The trend we have seen in increased need at the senior management level is often a good precursor to what we will see at the CFO level, so it’s fair to say we will likely see an increased demand at the CFO and FD level in H2 of this year and more likely and more noticeable increase throughout 2025.
This should combine well with a return to privateequity deal activity and the two things aren’t mutually exclusive.

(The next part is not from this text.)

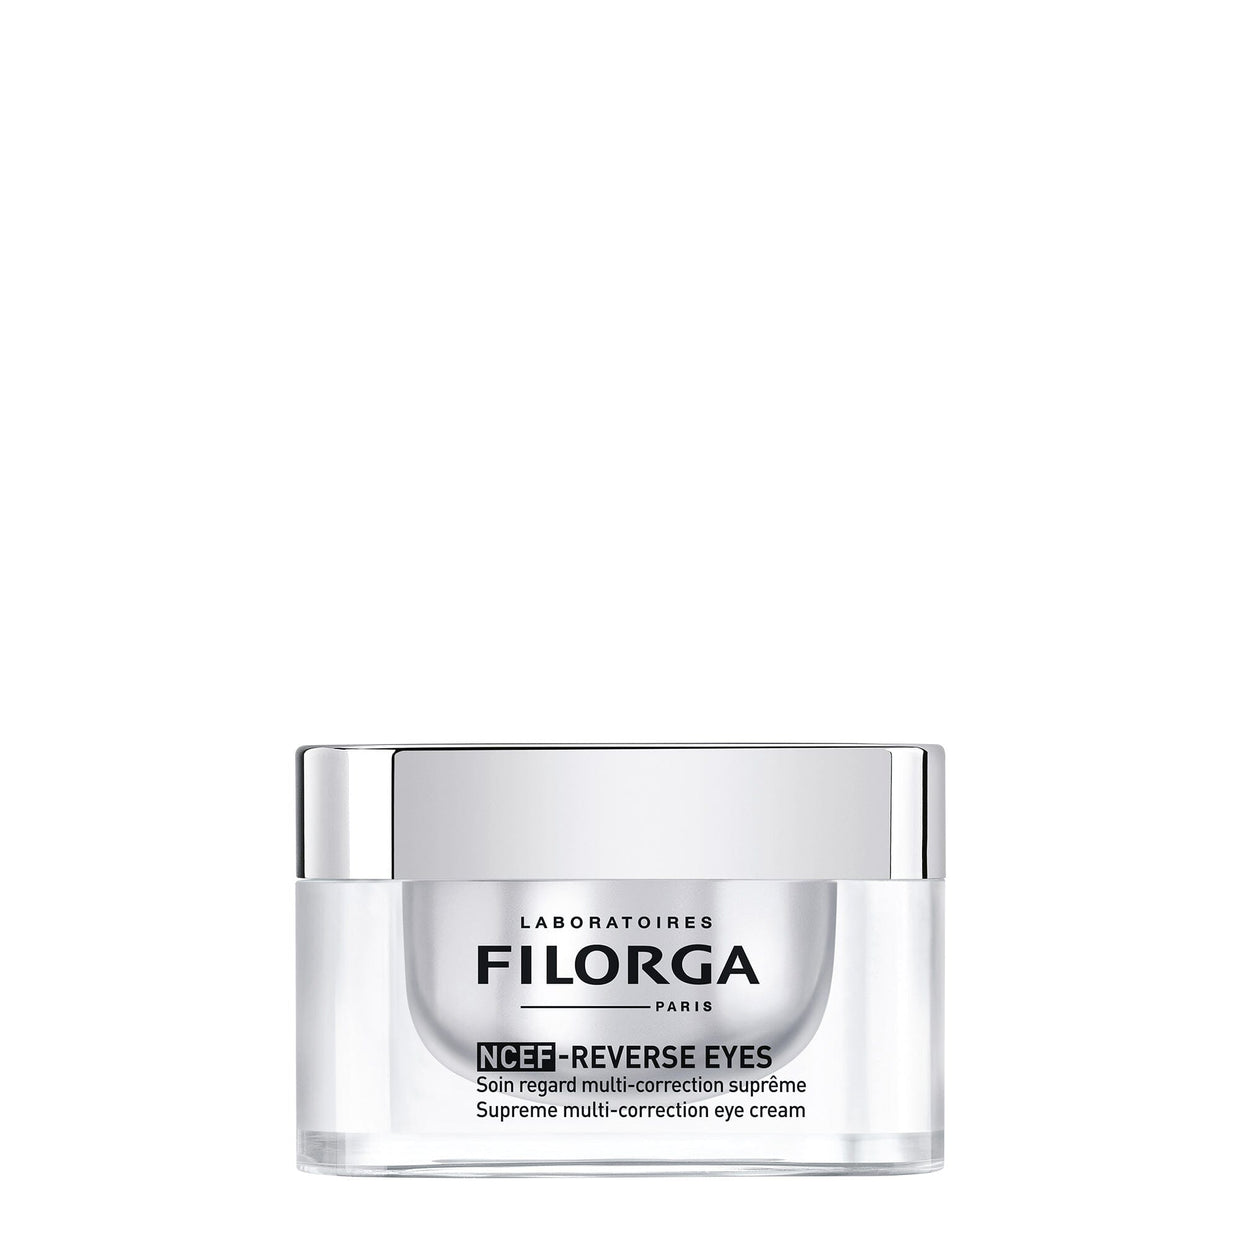 Filorga NCEF-REVERSE EYES Supreme Multi-Correction Eye Cream Filorga 0.5 oz. Shop at Exclusive Beauty Club

The trends coming out of conversations with CFOs at PE and VC funds is that there are liquid funds ready to be deployed but companies are waiting for what they feel is the right time. Continuing uncertainty around interest rates has delayed a return to deal activity but investors are becoming increasingly impatient to know what is being done with the funds they have committed
to these funds. The whole employment market will benefit from this return to PE/VC activity as when acquisitions are made, there will inevitably be reshuffles
within finance in the portfolio companies. This will stimulate the wider market as companies will need and want to replace the talent that has been attracted to
these PortCos. All of the preconditions seem to be in place for a return to deal activity, all that’s needed now is the spark. This tends to come in the form of deals being announced by some of the big PE houses which is a catalyst for other PE firms feeling they may get good value for balance sheets at the moment, so the time is right to strike.
In terms of specific industries within the funds space there are a few interesting trends we have seen. One of the more concerning statistics is from the VC space, where hiring in finance across all levels and disciplines has been down by nearly 40% even from 2023. We have also seen reduced hiring in infrastructure which is down 8% from 2023.
Private equity hiring remains mostly stagnant. Large and small PE firms have reduced hiring in finance, while midsize firms have slightly increased hiring to balance this. Credit funds have increased hiring significantly, which is surprising.
We have seen a 20% increase in hiring for fund finance at the Fund Controller and Manager level across credit, debt,
direct lending focused funds.
If we are correct to predict that we will see an increase in hiring at the CFO level what will be interesting to see is exactly what sort of CFOs are in demand.
Companies recognise the importance of hiring a strong CFO, though the role varies by firm. CFOs with capital markets experience and skills in raising debt and equity are in high demand. Likewise, there is a need for CFOs who excel in building and maintaining control functions. Additionally, CFOs who can manage controls while acting as strategic partners to CEOs, COOs, and founders are especially sought after by smaller and boutique firms.